Hope this is understandable Kind regards Lisa
 
In principle I would always test twice or more on different days and in different circumstances.

Your example of tomatoes is probably not realistic, it would need a lot of tomatoes at one sitting to cause a spike. It would also be too tedious testing each food possibility in isolation. Better to find complete meals which do and don't work for you. Most people test immediately before a meal which might, for example, be their preferred 'go-to' breakfast and has everything that their breakfast would normally contain. So if breakfast is a cup of tea with milk and a biscuit, a boiled egg with one or 2 rounds of toast and butter and completed with a fruit yoghurt then test that complete meal at 1st mouthful and 2 hrs later to see the consequence.

I use that example because there are highish carb items that would probably cause a spike, then repeat without the biscuit or one piece of toast and retest, then drop the fruit yoghurt and retest - and so on.
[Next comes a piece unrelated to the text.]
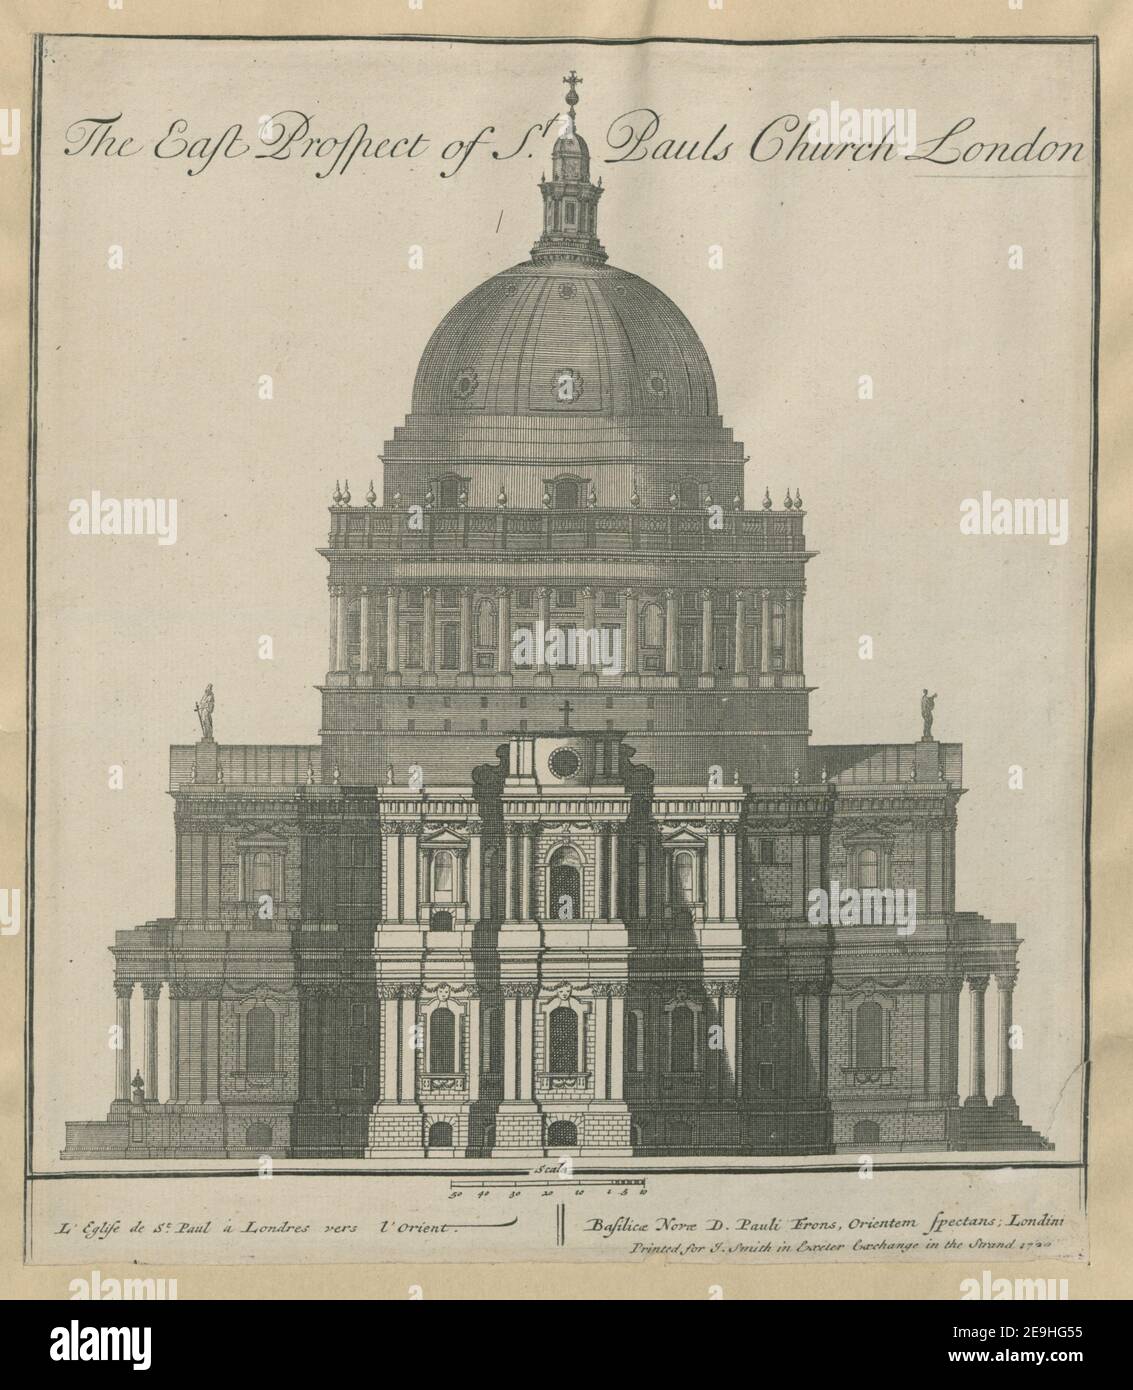 The East Prospect of Saint Paul's Church London = L'Eglise de St. Paul aÃÄ Londres vers l'Orient = Basilic√¶ Nov√¶ D. Pauli Frons, Orientem Spectans Londini. Visual Material information:  Title: The East Prospect of Saint Paul's Church London = L'Eglise de St. Paul aÃÄ Londres vers l'Orient = Basilic√¶ Nov√¶ D. Pauli Frons, Orientem Spectans; Londini. 23.35.k. Place of publication: [London] Publisher: Printed for J Smith in Exeter Exchange in the Strand, Date of publication: 1720.  Item type: 1 print Medium: etching and engraving Dimensions: sheet 25.2 x 22.1 cm Stock Photo

If that process always spikes despite checking permutations try a fairly different breakfast of omelette and meats, cheeses or mushrooms. Experiment to find what works for you and your circumstances until you find 'the' breakfast that can fit into your lifestyle. Then repeat that a couple of times to confirm your good result wasn't a flash in the pan.

This does all take time, but managing any diabetes is a marathon not a sprint. And once you are confident about 2 or 3 breakfast combinations you sort of bank those and stop testing those but start scrutinising lunches or dinners.

Welcome to the Forum, by the way. If you'd like to share a little more about your D such as how long you've been T2, what was the result of your most recent HBa1C and things you've tried that have not been successful members can tailor their response accordingly.
 
If you’re testing tomatoes, you’re either eating crates of them, or are unnecessarily worried about normal ‘spikes’ - ie blood sugar naturally rising in response to food. If you want to test something like, say, porridge, I’d give it a few goes and not just take the results of one go.

And welcome to the forum 🙂
 
I've kept a food diary since diagnosis and it now contains multiple test results for the same meals. Some results are so consistent that I don't even bother to test after that meal now, except occasionally to check nothing's changed.
 
I usually test two hours after a meal. I only do it now if I have something different as I have tested my regular food at least twice. I was pre-diabetic a few years back, got back to normal, albeit the higher side, have just had another two weeks ago and waiting to see what that one is.